In this review, the Maxtor DiamondMax Plus 9 200GB hard drive is compared to the popular Western Digital 120GB Special Edition hard drive. Both have 8MB buffers, but the Maxtor uses the faster ATA/133 interface compared to the Western Digital’s ATA/100. So how do they compare? Read the article to find out just how much better the DiamondMax drive performs…


Today we are going to take a look at the DiamondMax Plus 9 200GB ATA-133 hard drive from Maxtor. To tell the truth with the performance of this drive, I am happy to have a Maxtor drive back in my machine. Up until one year ago when Western Digital released the 120GB SE hard drive, I had only used Maxtor drives in my own machines for the previous 5 years. And still today, five of my six hard drives in my systems are Maxtor brand. The WD 120GB SE that we are testing against today is still a great drive, but I tend to loads tons of software. Games, photos, vendor PDFs and applications were filling up the 120GB. With Doom III, Half-Life 2 and some other great games coming later this year, I was happy when Maxtor offered to let me look at a 200GB hard drive.
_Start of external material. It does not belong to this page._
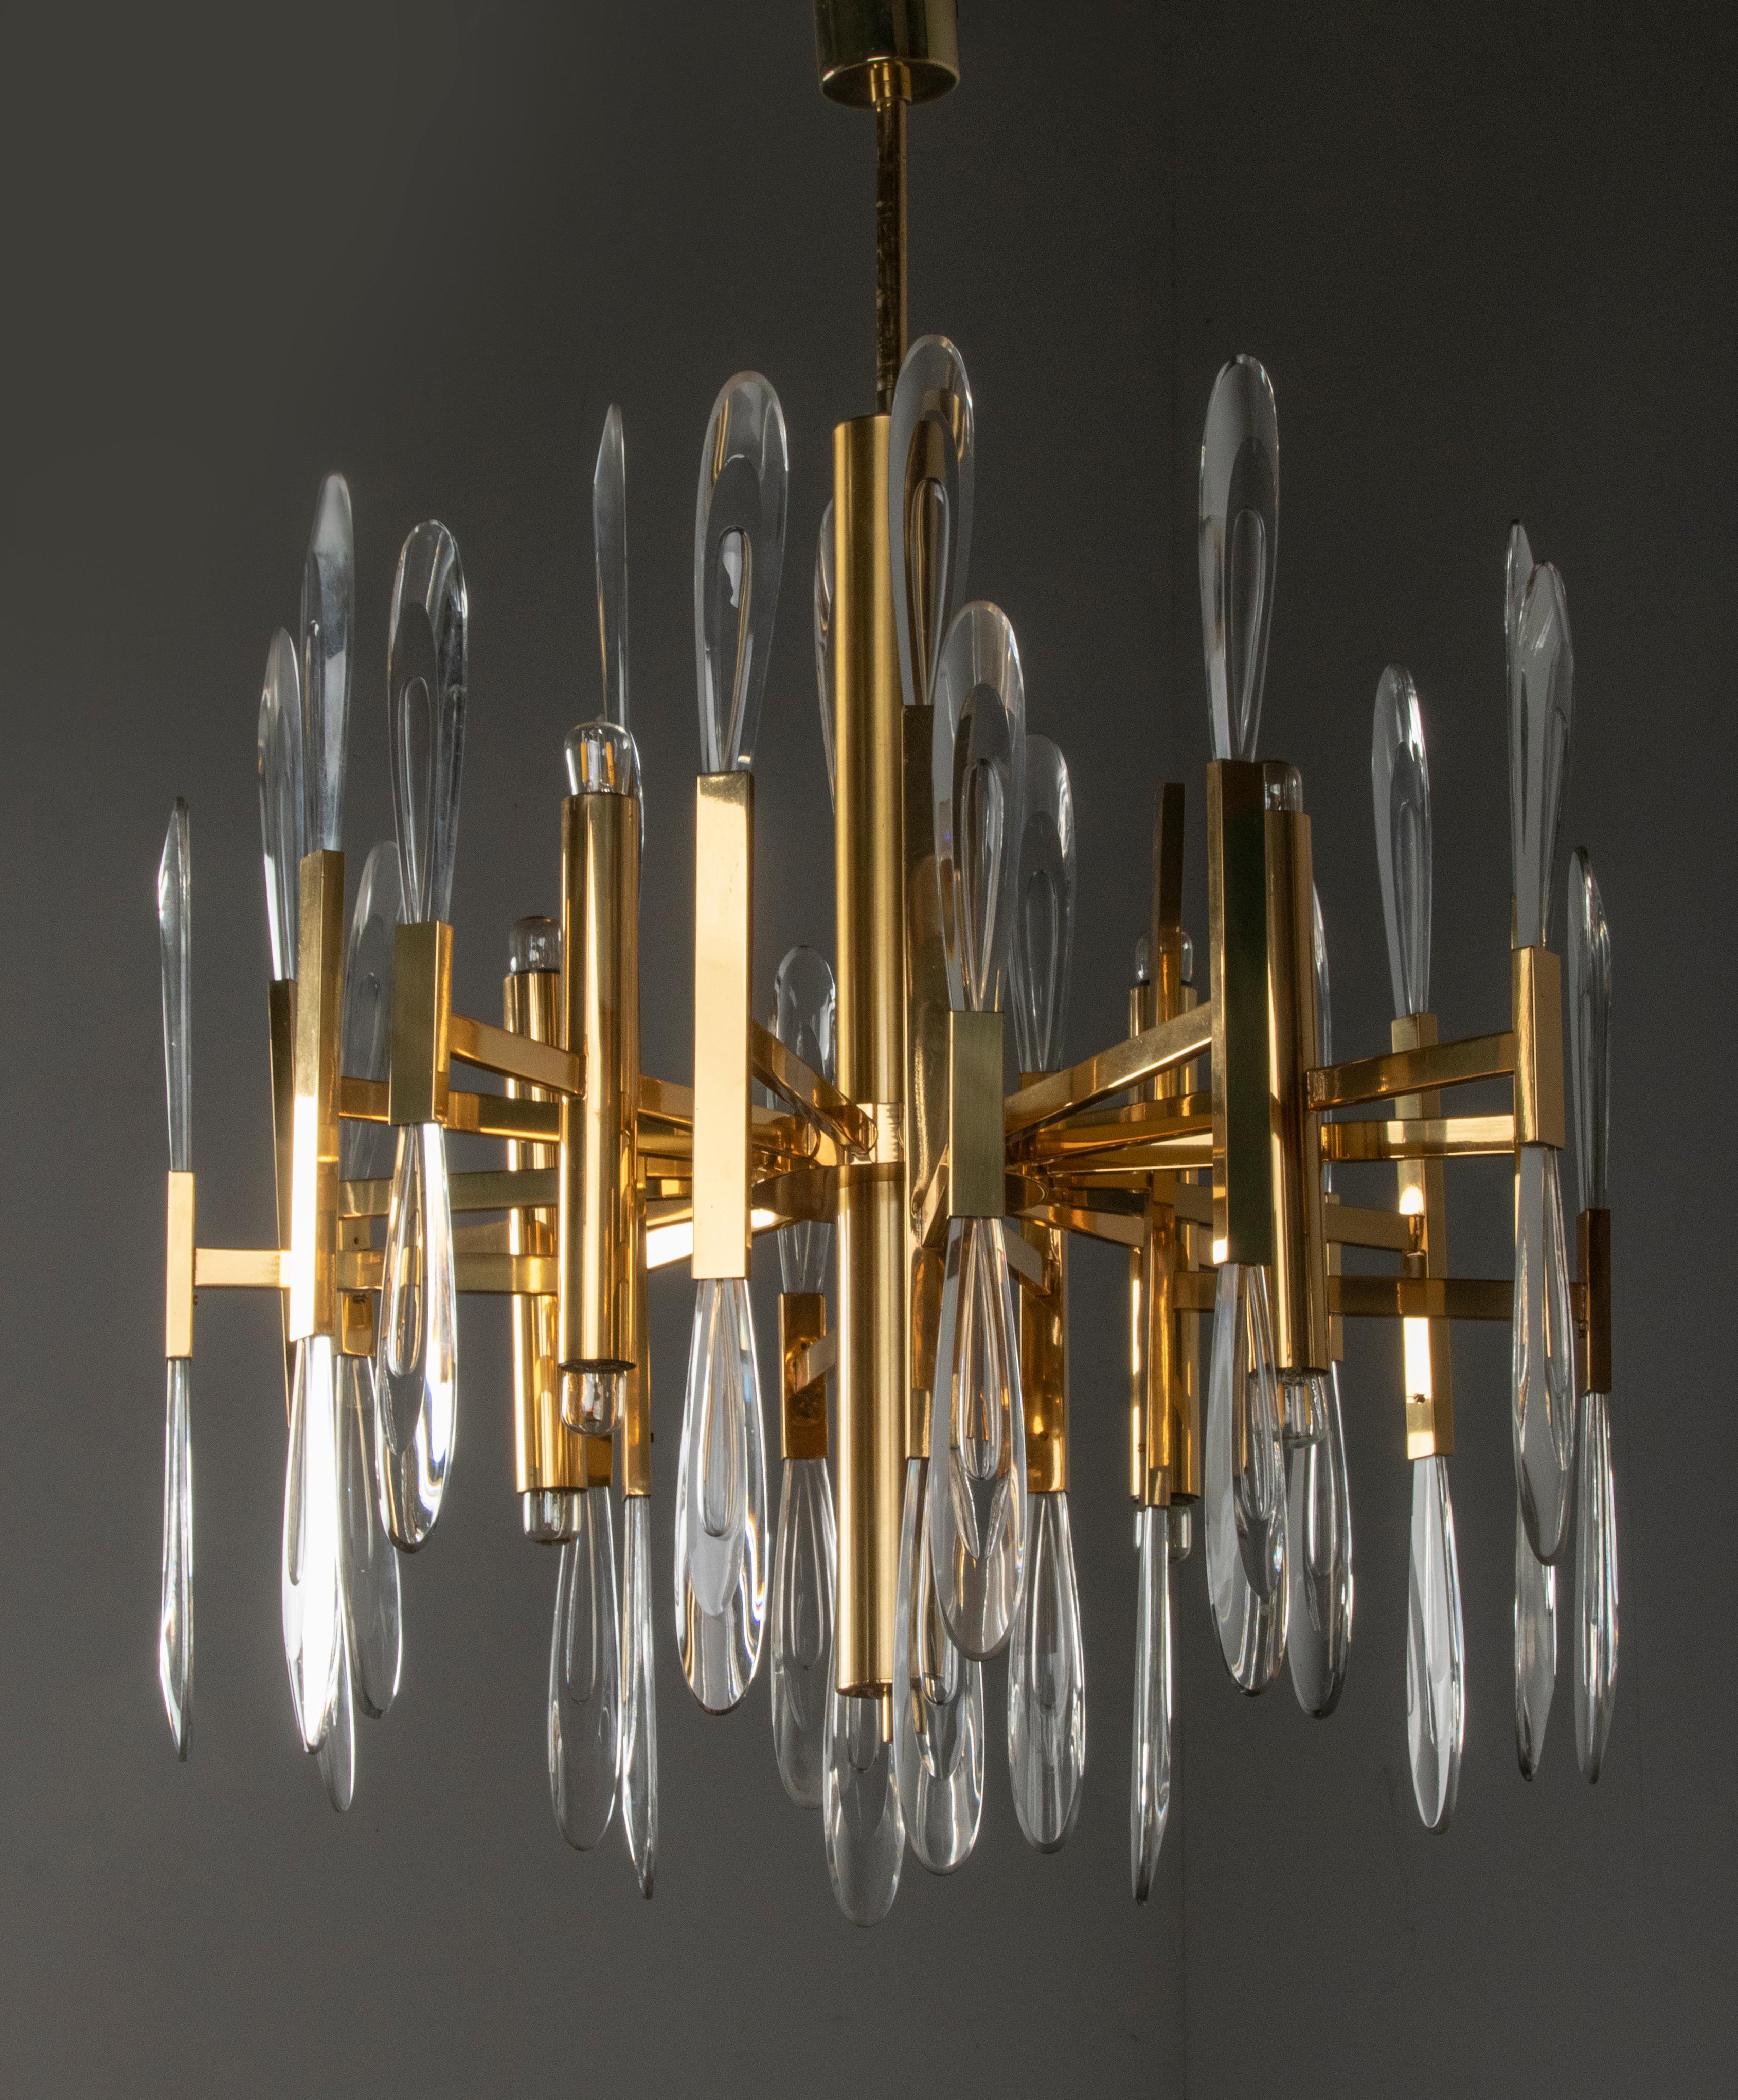 Italian mid-century chandelier by Gaetano Sciolari. It has eight lights, four lights pointing up, and four down. It is made from highly polished brass with crystal cut drops in the holders. It gives a beautiful atmospheric effect, the combination of
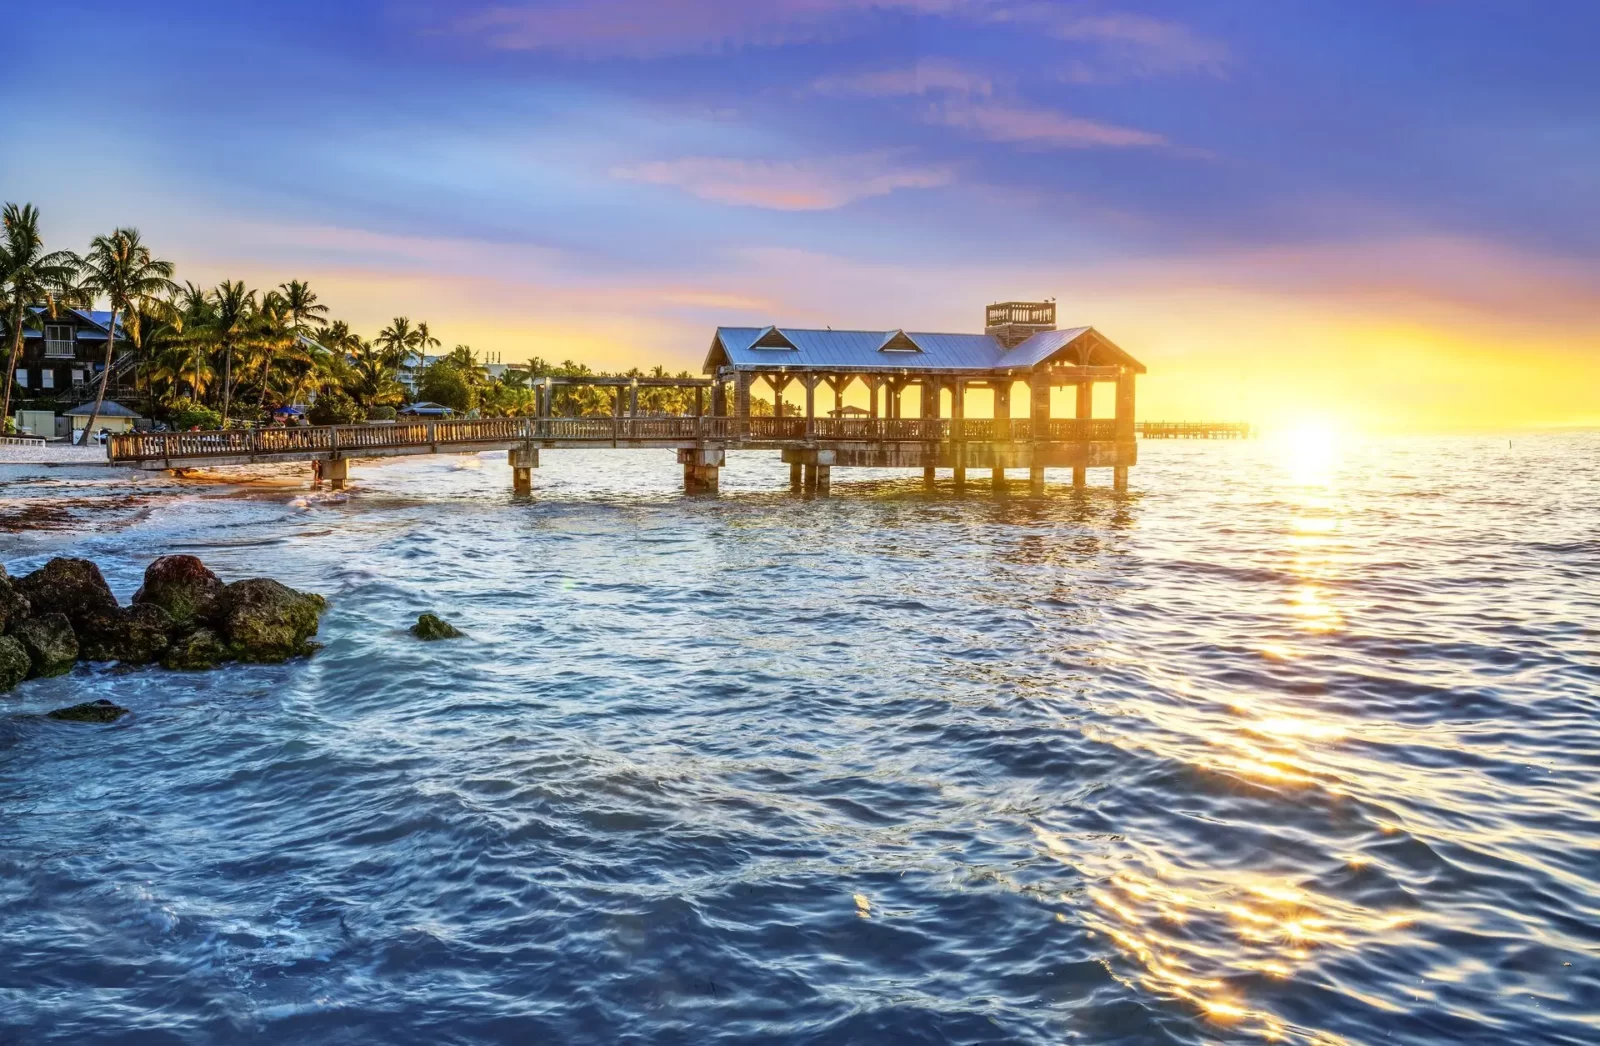 Sunset over pier at Key West, Florida

A lot of people complained when Maxtor and some other companies dropped their hard drive warranties to one year, but not every drive suffers from the same short warranty. Here is a copy from of Maxtor’s warranty, and we can see their top performance drives like the 200GB we have still has a 3 year warranty.

  • “Maxtor DiamondMax Plus ATA drives that have an 8MB cache buffer AND capacities of 120GB or greater will carry a Standard Warranty Period of 3 years. All other DiamondMax Plus drives will carry a Standard Warranty Period of 1 year.”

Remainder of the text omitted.